» **Stored data**
[Start of section]

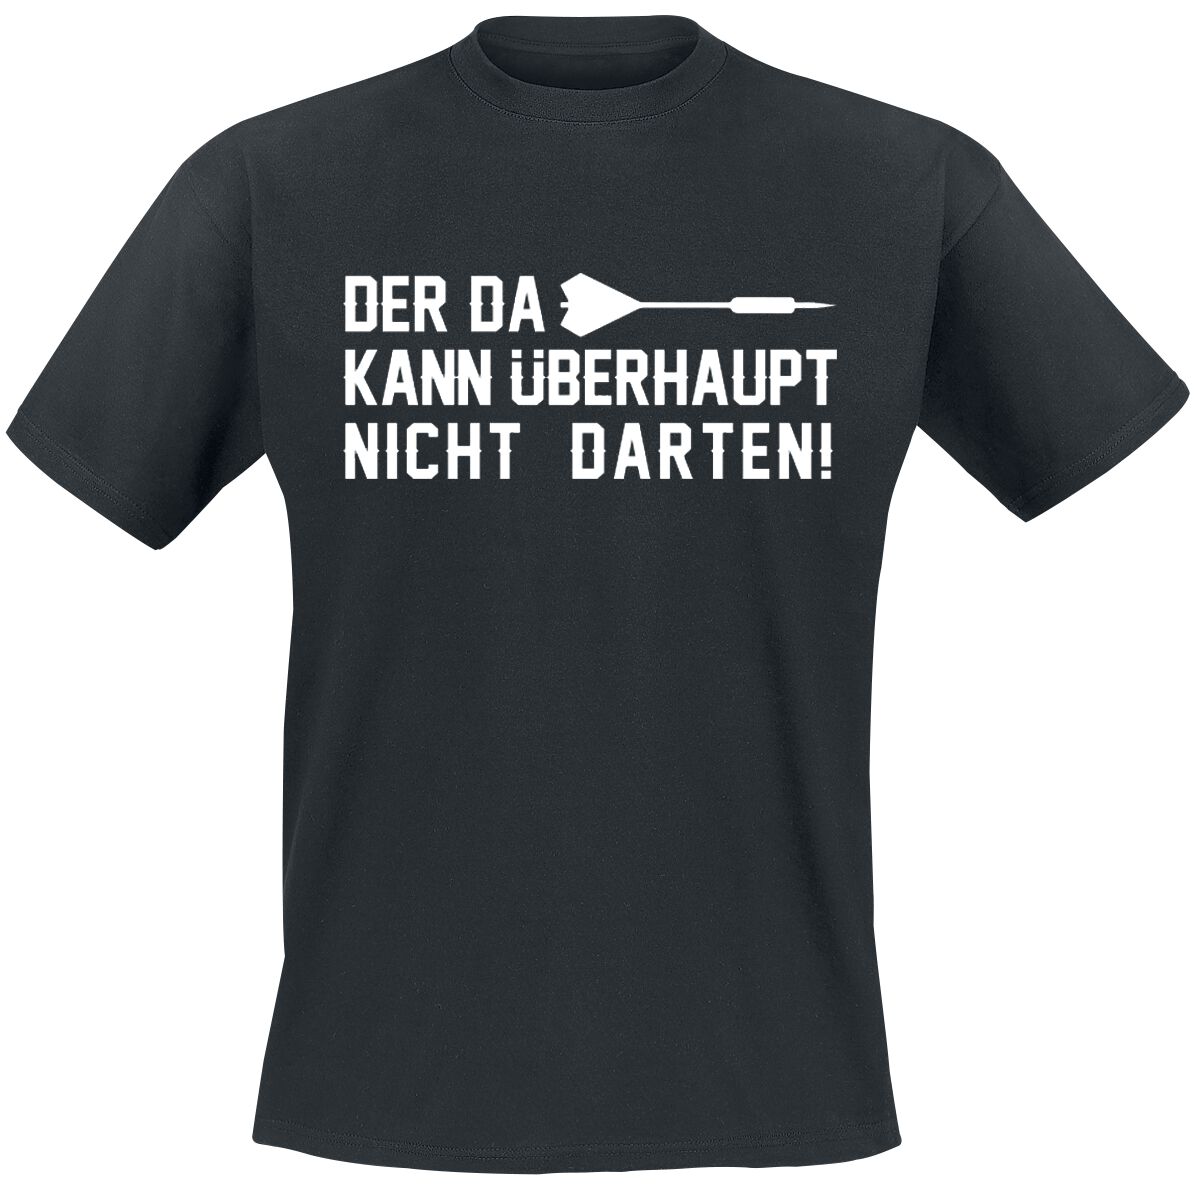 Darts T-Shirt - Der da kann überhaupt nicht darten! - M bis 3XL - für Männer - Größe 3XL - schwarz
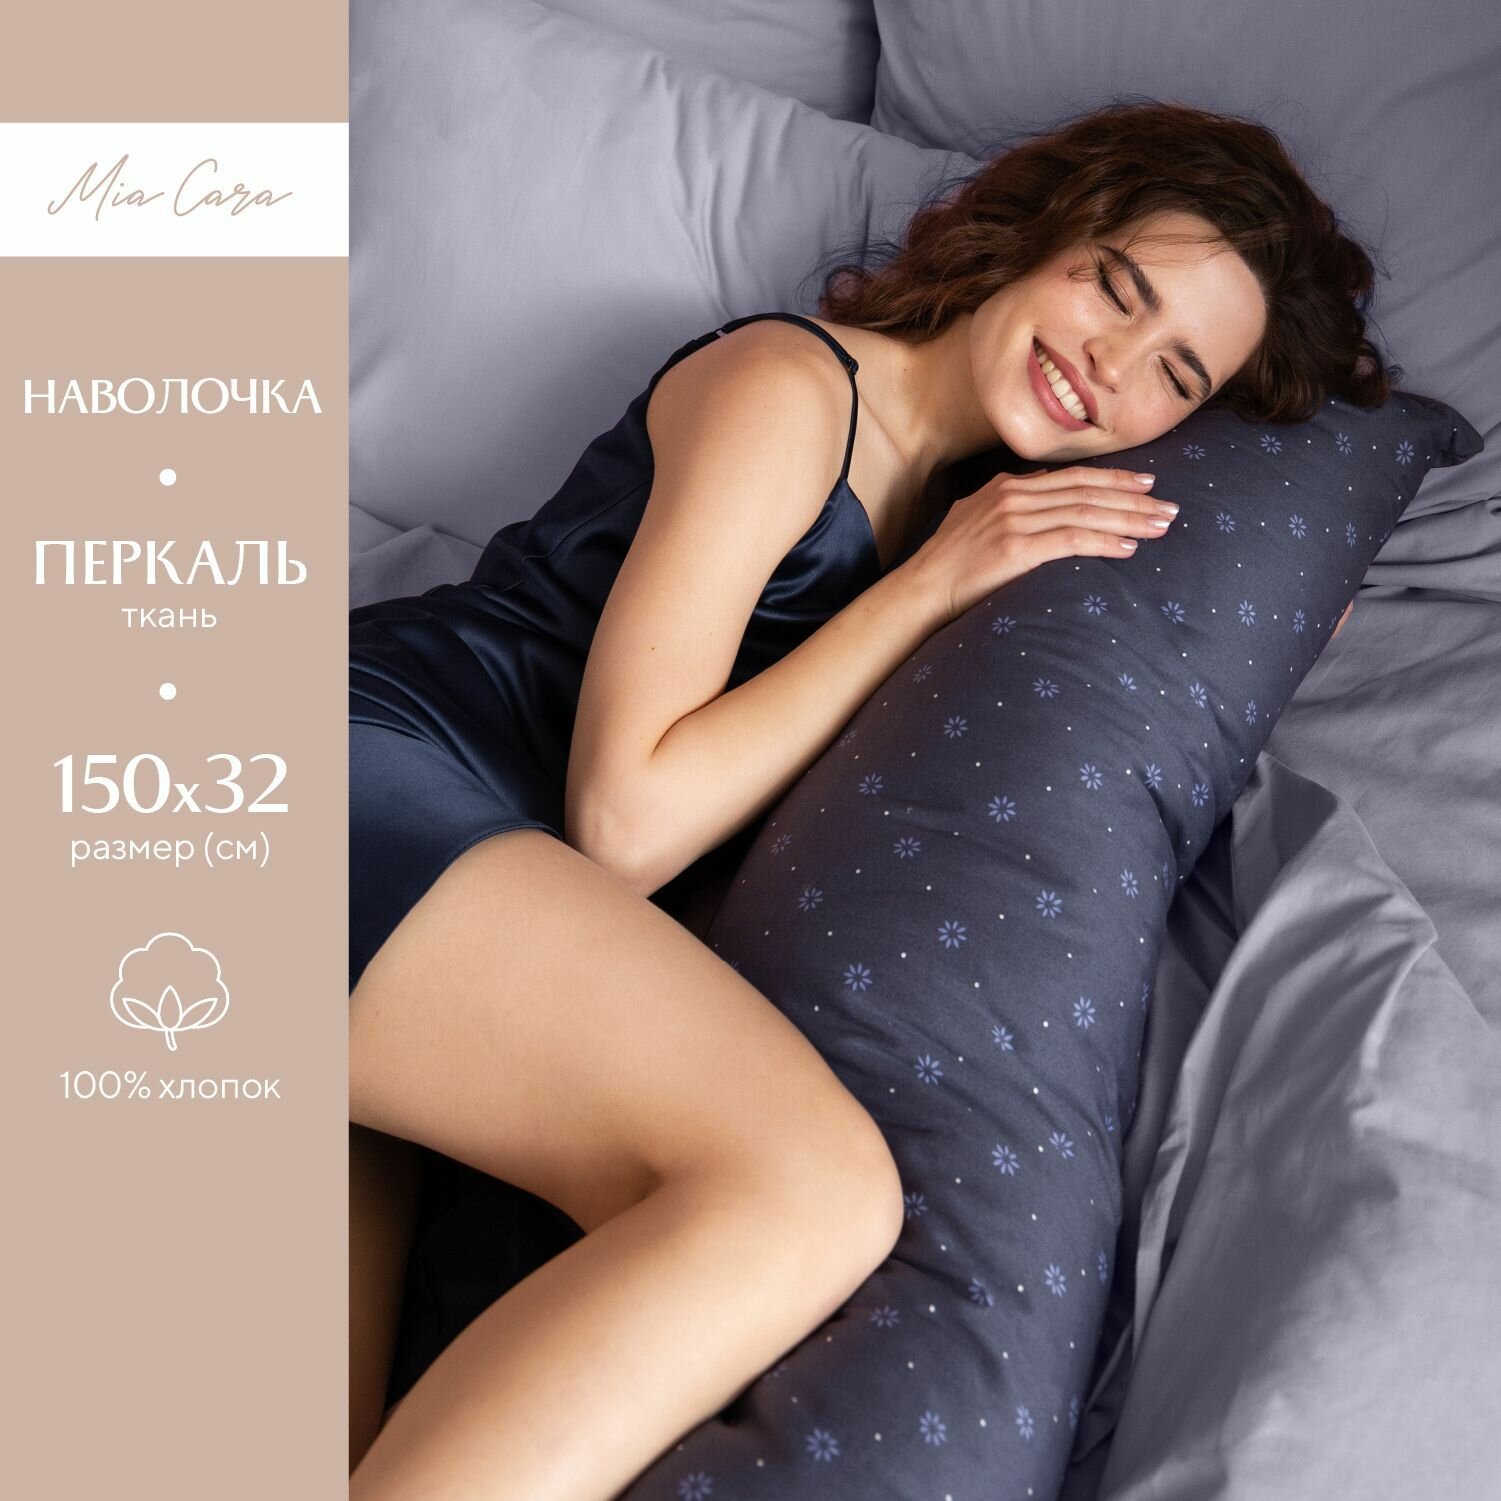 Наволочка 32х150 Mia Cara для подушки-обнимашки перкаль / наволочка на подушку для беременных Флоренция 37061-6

[End of section]
[Start of section]

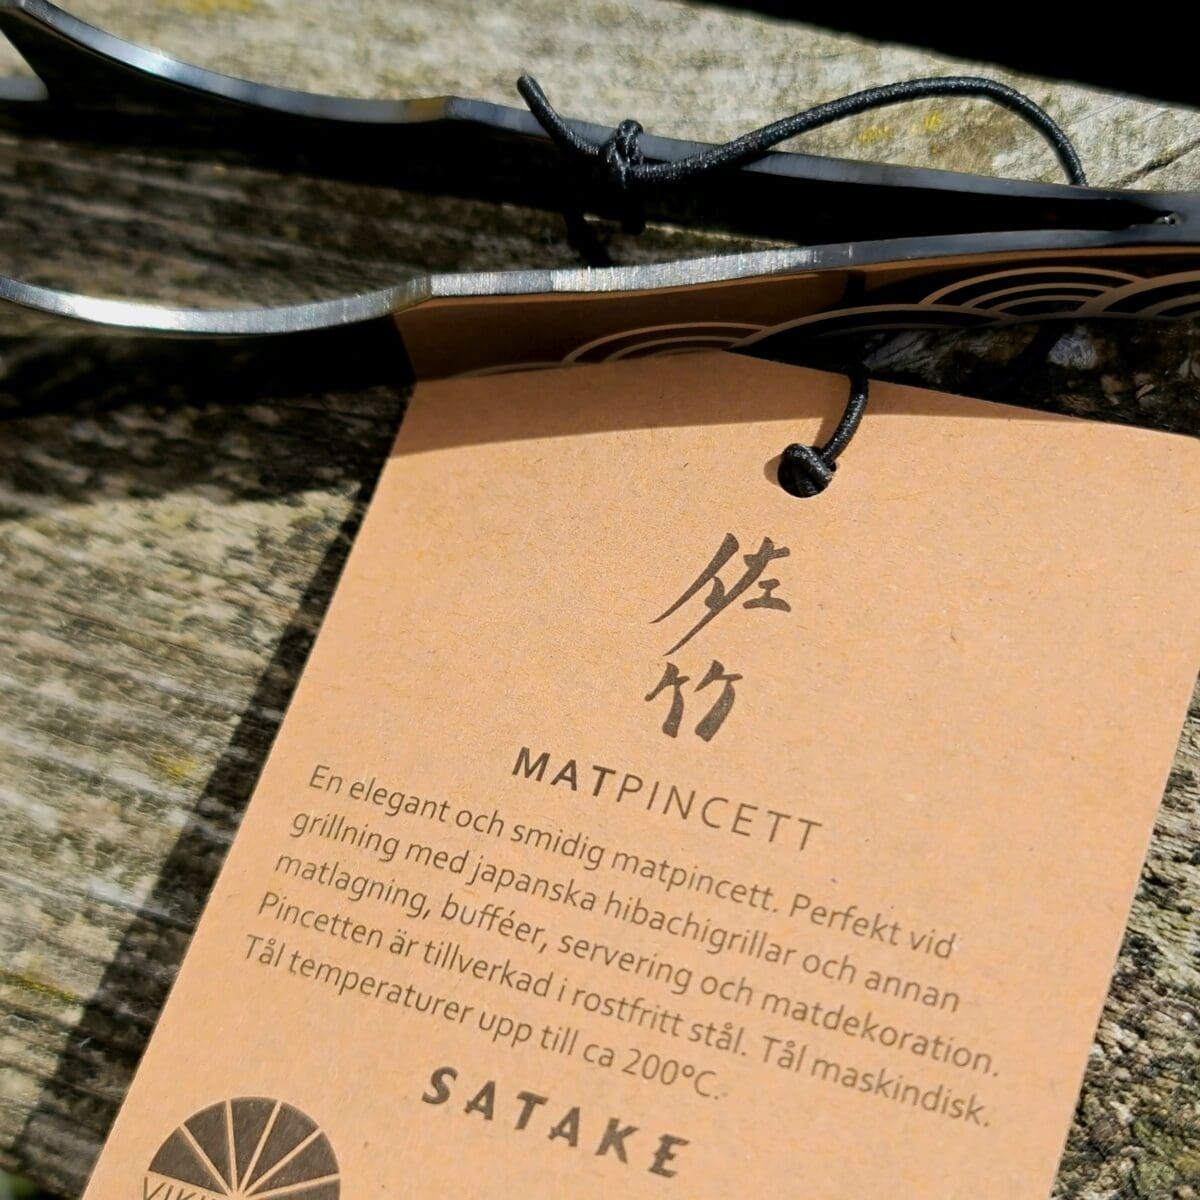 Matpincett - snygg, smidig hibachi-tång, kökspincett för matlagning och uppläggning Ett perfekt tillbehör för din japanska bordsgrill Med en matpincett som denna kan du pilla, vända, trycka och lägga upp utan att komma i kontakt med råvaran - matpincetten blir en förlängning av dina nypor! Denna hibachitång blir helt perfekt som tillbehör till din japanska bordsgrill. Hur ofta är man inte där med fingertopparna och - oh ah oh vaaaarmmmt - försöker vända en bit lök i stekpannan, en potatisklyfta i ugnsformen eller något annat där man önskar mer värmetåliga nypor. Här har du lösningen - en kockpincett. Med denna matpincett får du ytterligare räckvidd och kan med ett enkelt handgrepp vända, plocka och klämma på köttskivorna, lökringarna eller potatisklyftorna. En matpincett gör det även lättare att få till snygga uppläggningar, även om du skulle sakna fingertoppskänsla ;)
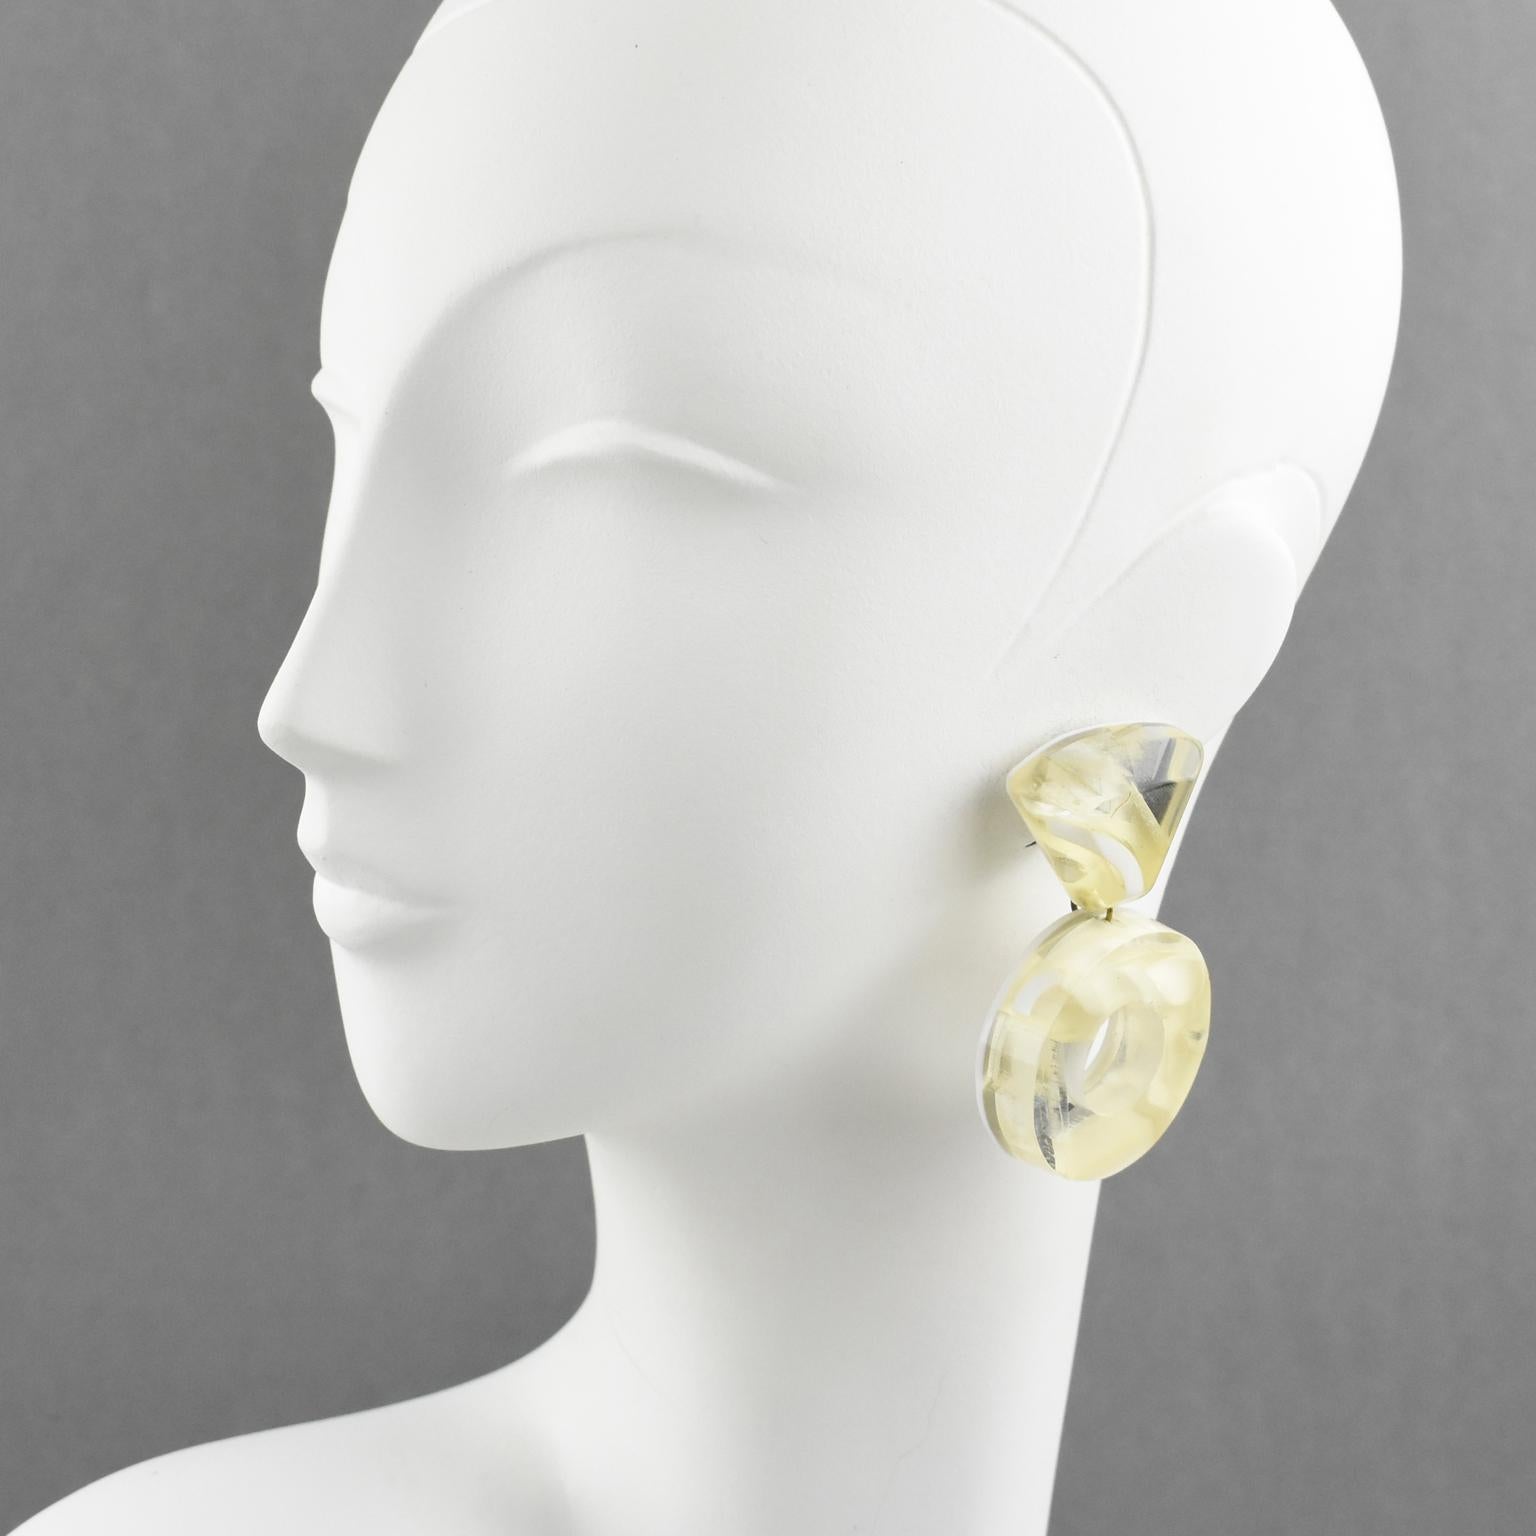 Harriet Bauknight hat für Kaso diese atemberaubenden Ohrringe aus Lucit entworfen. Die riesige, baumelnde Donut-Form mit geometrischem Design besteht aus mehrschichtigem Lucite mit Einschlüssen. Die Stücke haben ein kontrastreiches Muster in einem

[End of section]

» **What needs to be done**
Write out again exactly the lines above from the one with "Darts T-Shirt - Der" through the one with "Наволочка 32х150 Mia", adding no other lines and no pictures.

» **Response to this exercise**
 Darts T-Shirt - Der da kann überhaupt nicht darten! - M bis 3XL - für Männer - Größe 3XL - schwarz
 Наволочка 32х150 Mia Cara для подушки-обнимашки перкаль / наволочка на подушку для беременных Флоренция 37061-6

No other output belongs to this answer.